Ощущение тепла, скользящего по моей шее, прерывает мои размышления, и когда я подношу руку к лицу, то вижу, что она покрыта кровью, а под ногтями виднеются темные корочки струпьев. Затем до меня доходит, что я неосознанно отдирала струпья, которые все еще напоминали мне о Деклане. Рана увеличилась в размере. Я потянулась назад и вонзила свои ногти в податливую, липкую, открытую рану, и пронзительная боль прошла насквозь через мою голову.
И наконец, мой разум свободен от всяких мыслей, и я впадаю в состояние оцепенения.
Мои глаза закрываются, и я опускаю голову вперед, позволяя ей находиться в таком состоянии. Пальцы проворно нащупывают оставшуюся с одной стороны корочку, и я зажимаю ее между ними. Проходит всего мгновение, прежде чем я быстро дергаю ее, отрывая вместе с кожей, из—за чего рана увеличивается чуть больше. Мое сердце покалывает в приятном освобождении. Выдыхая, я чувствую, как густая кровь стекает быстрой струйкой вниз по моей нежной коже на шее.
Момент ликования скрадывает внезапно открывающаяся дверь в комнату, я вижу лицо Деклана, на котором отражается неподдельный ужас.
Я грежу.
Он замирает на мгновение, затем входит в комнату и закрывает позади себя дверь.

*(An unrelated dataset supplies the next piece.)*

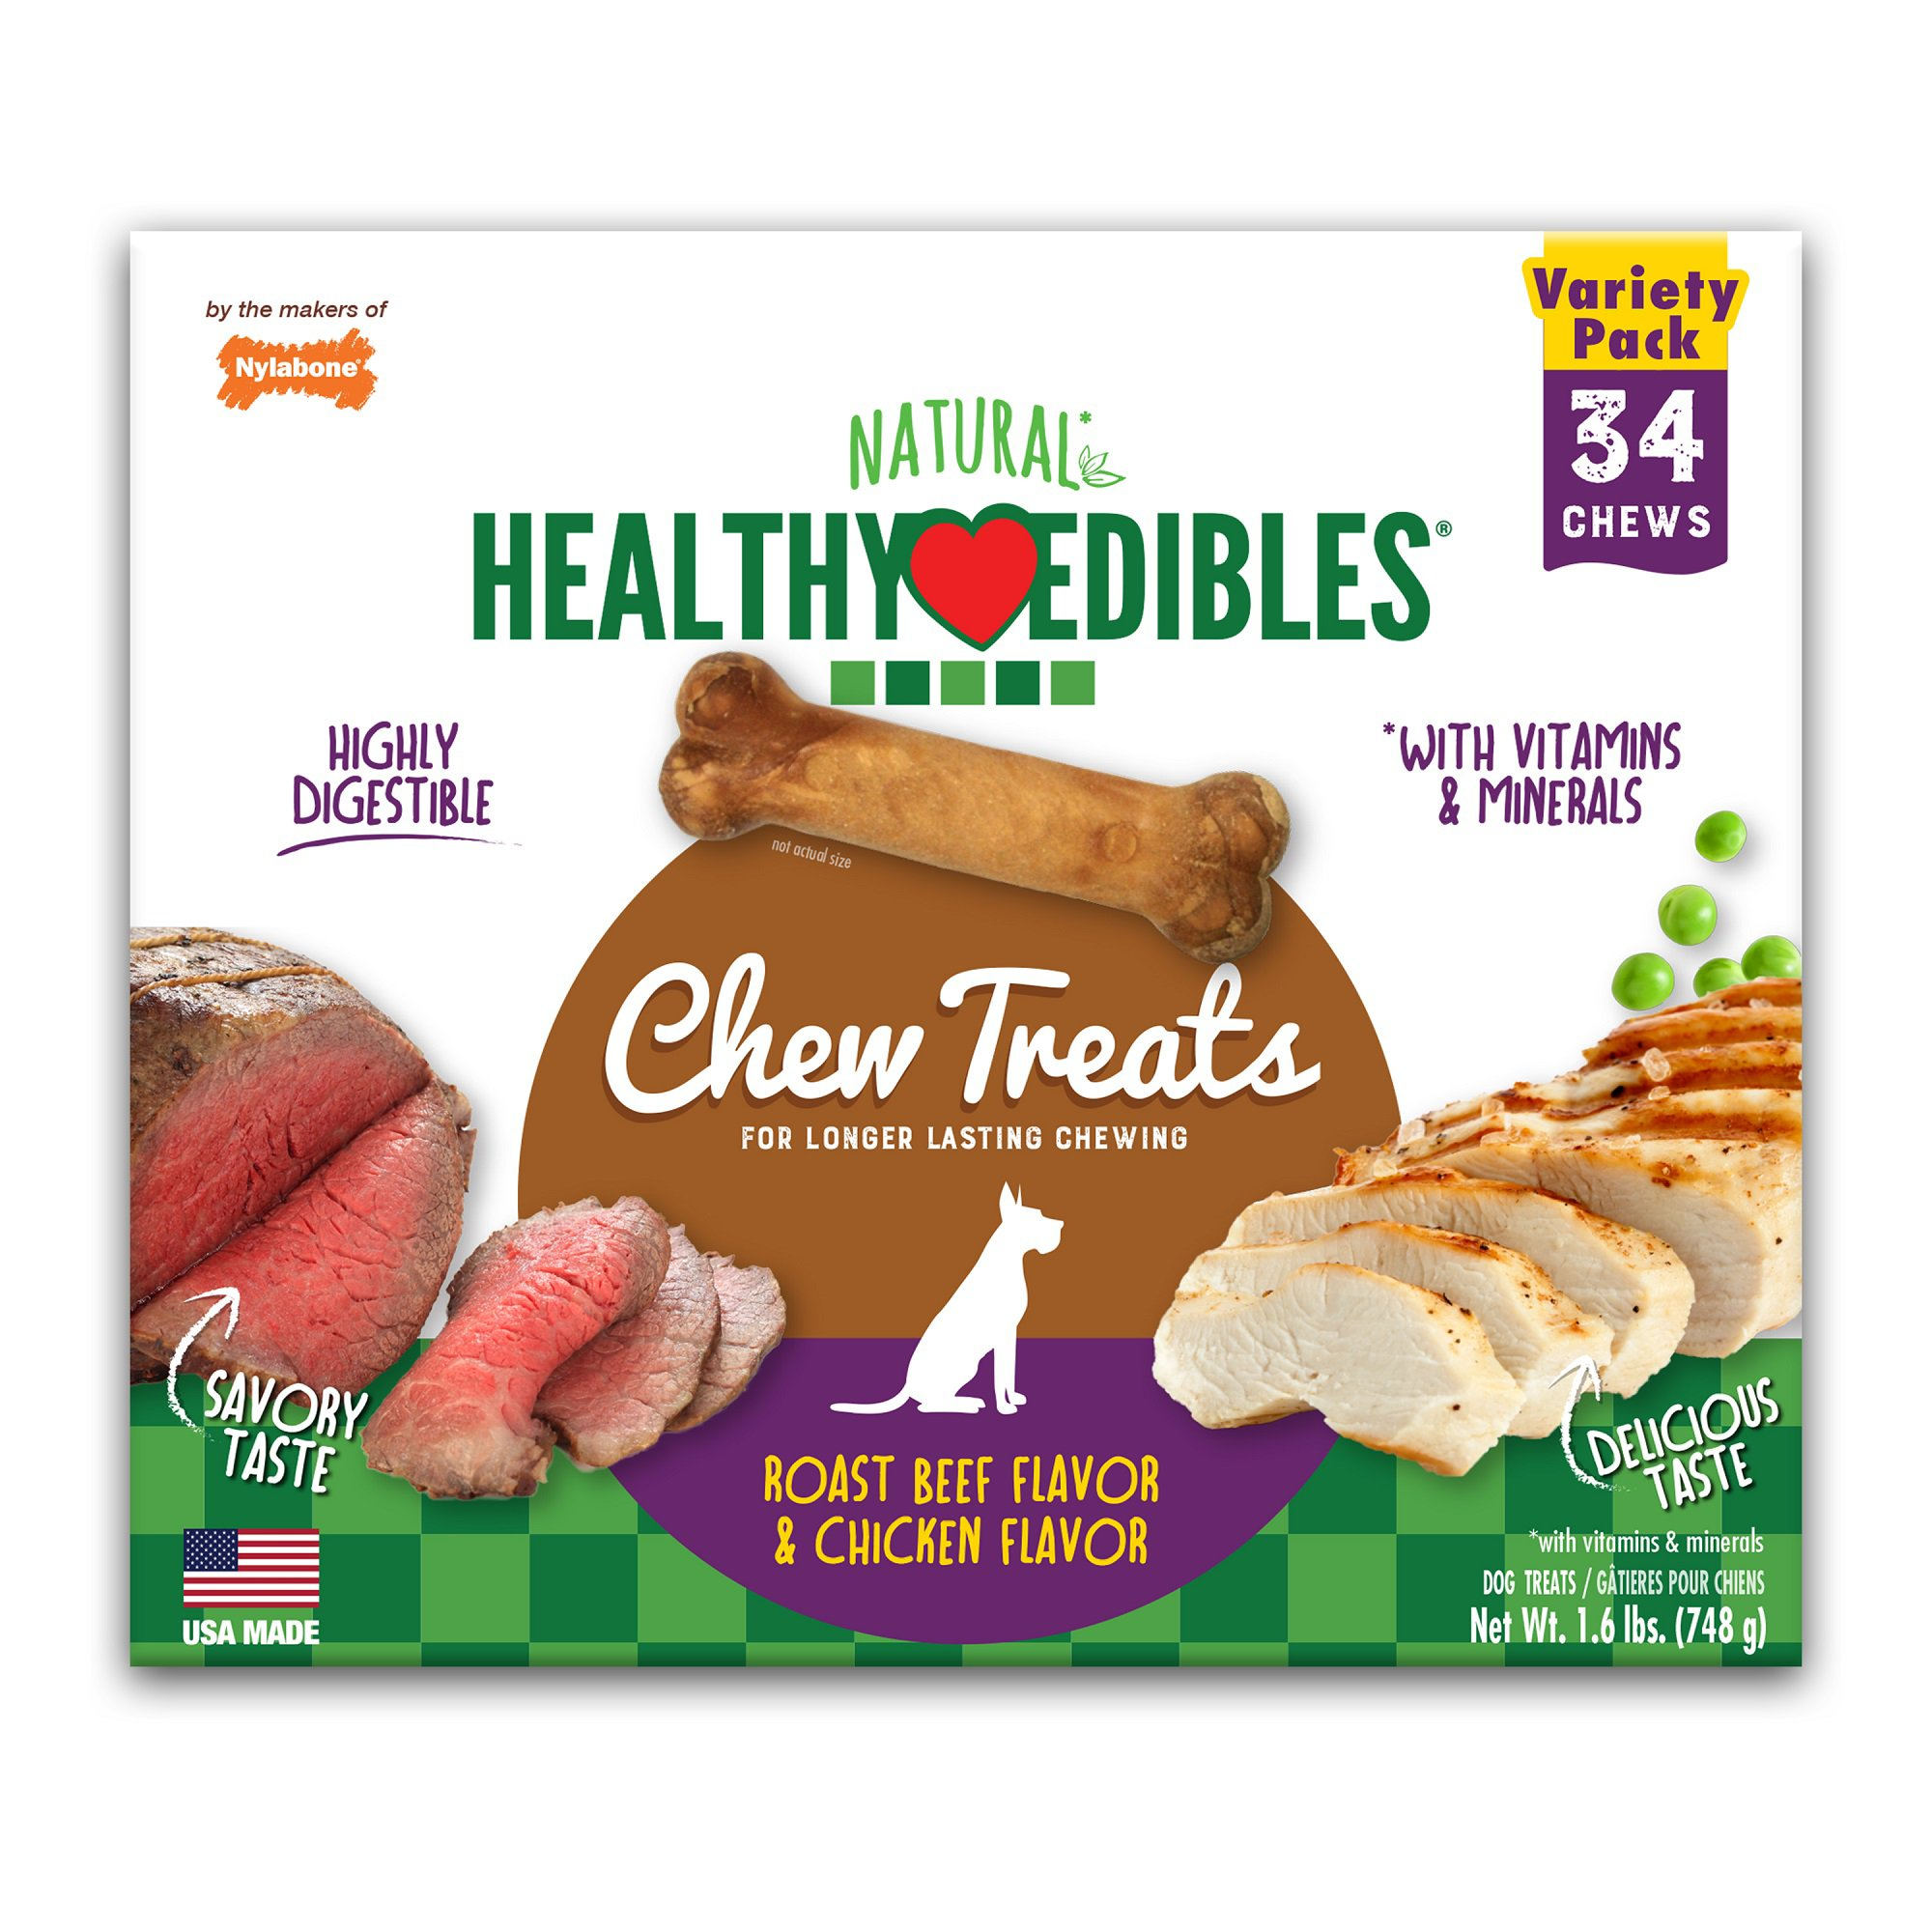 Nylabone Healthy Edibles 2 Flavor Variety Pack Dog Bone Chews
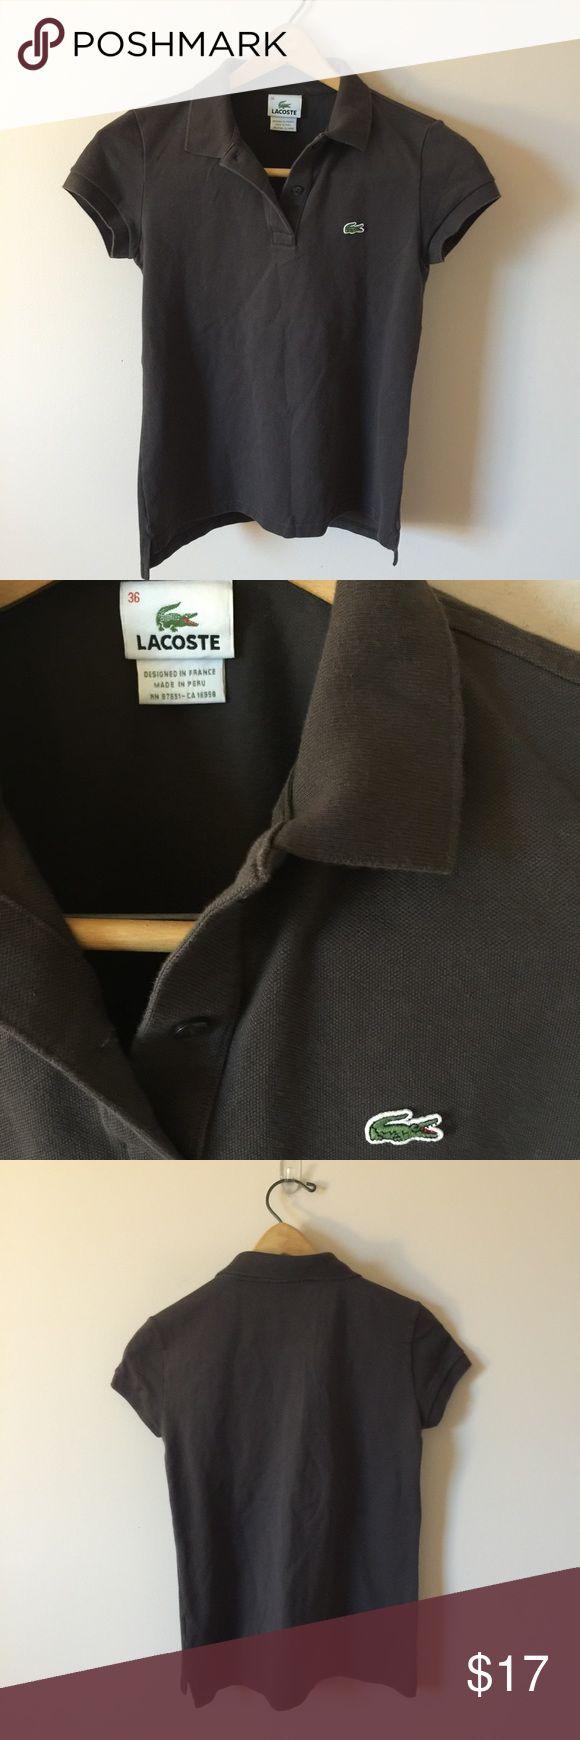 Lacoste Polo Shirt Brown Lacoste Polo Shirt. Size 36. 100% cotton. EUC! Lacoste Tops

Я не двигаюсь, поднимая взгляд вверх, полностью ошеломленная.
― Господи, что произошло? ― задыхается он, но не смотрит на меня.
Я следую за его взглядом, когда мои глаза останавливаются на руке, лежащей на моих коленях, ― она покрыта алой кровью. Его ноги исчезают из поля моего зрения, когда мой взгляд затуманивается из—за вида моих пальцев, что служили оружием, и затем все проходит. Их накрывают теплым, влажным полотенцем.
Прикосновение.
Рука Деклана ловко орудует, когда он нежно прикасается, убирая кровь.
Прикосновение.
Мой сердечный ритм откликается, сменяясь на размеренные удары о мою измученную грудную клетку, постепенно возвращая мне ясность сознания.
Прикосновение.
Больше не озлобленное, не истязающее прикосновение; это просто прикосновение.
Я поднимаю свои глаза к его лицу, на котором воцаряется озадаченное выражение, он переворачивает мою ладонь вверх и затем опять вниз.
― Откуда кровь?
Я не отвечаю, и когда он встречается со мной взглядом, он произносит яростно:
― Нина, откуда кровь?
Не называй меня так.
Боль разрывает меня, когда он называет меня Ниной, сжимает мое горло от разнообразных эмоций. Прикосновение настолько неожиданное, что мое тело прибывает в полной растерянности, не зная, как реагировать. Оно находится в состоянии оцепенения и спокойствия, когда Деклан начинает трогать меня руками, поднимая рукава свитера, в попытке отыскать рану, из которой идет кровь.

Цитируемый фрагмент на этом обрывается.